====== Source data ======
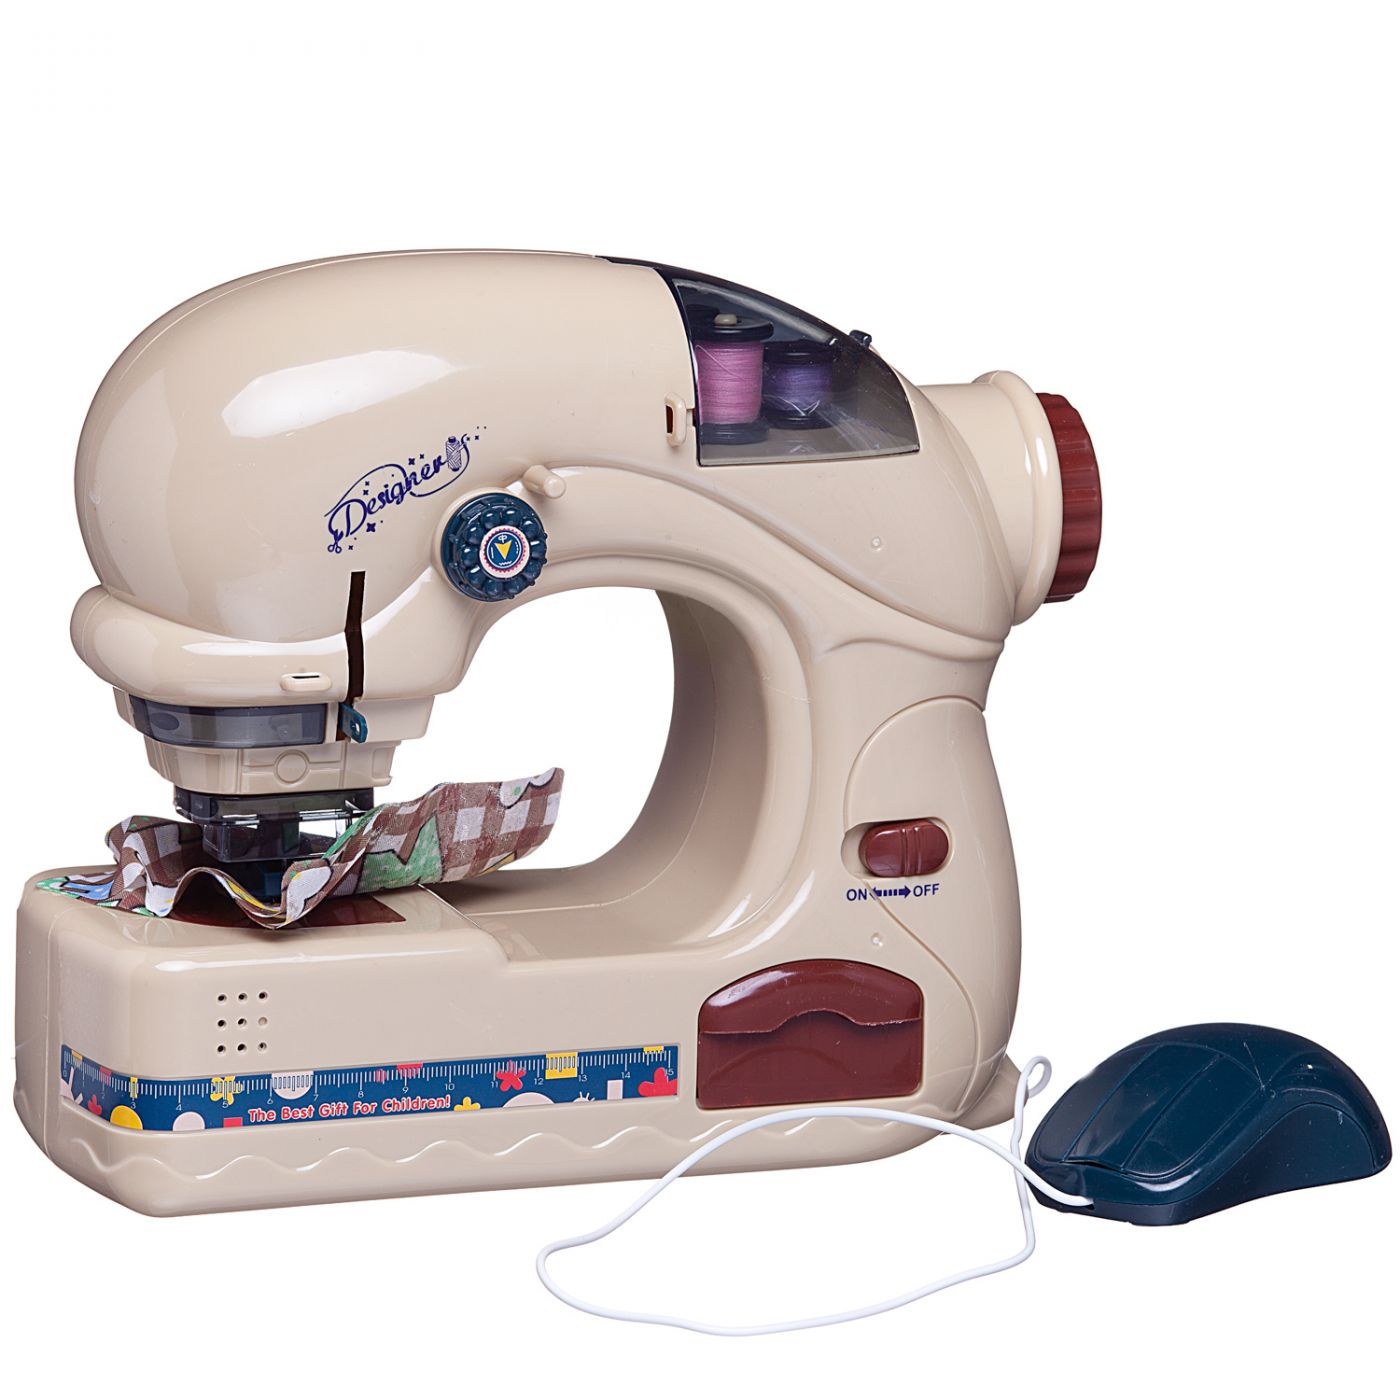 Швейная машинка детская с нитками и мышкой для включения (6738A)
======
====== Source data ======
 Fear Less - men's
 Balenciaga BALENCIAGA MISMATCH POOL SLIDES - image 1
======
What this task involves — Beginning with the line containing "Fear Less - men's" and ending with the line containing "Balenciaga BALENCIAGA MISMATCH", extract those lines exactly from the listing above, and only those.

Response —
 Fear Less - men's
 Balenciaga BALENCIAGA MISMATCH POOL SLIDES - image 1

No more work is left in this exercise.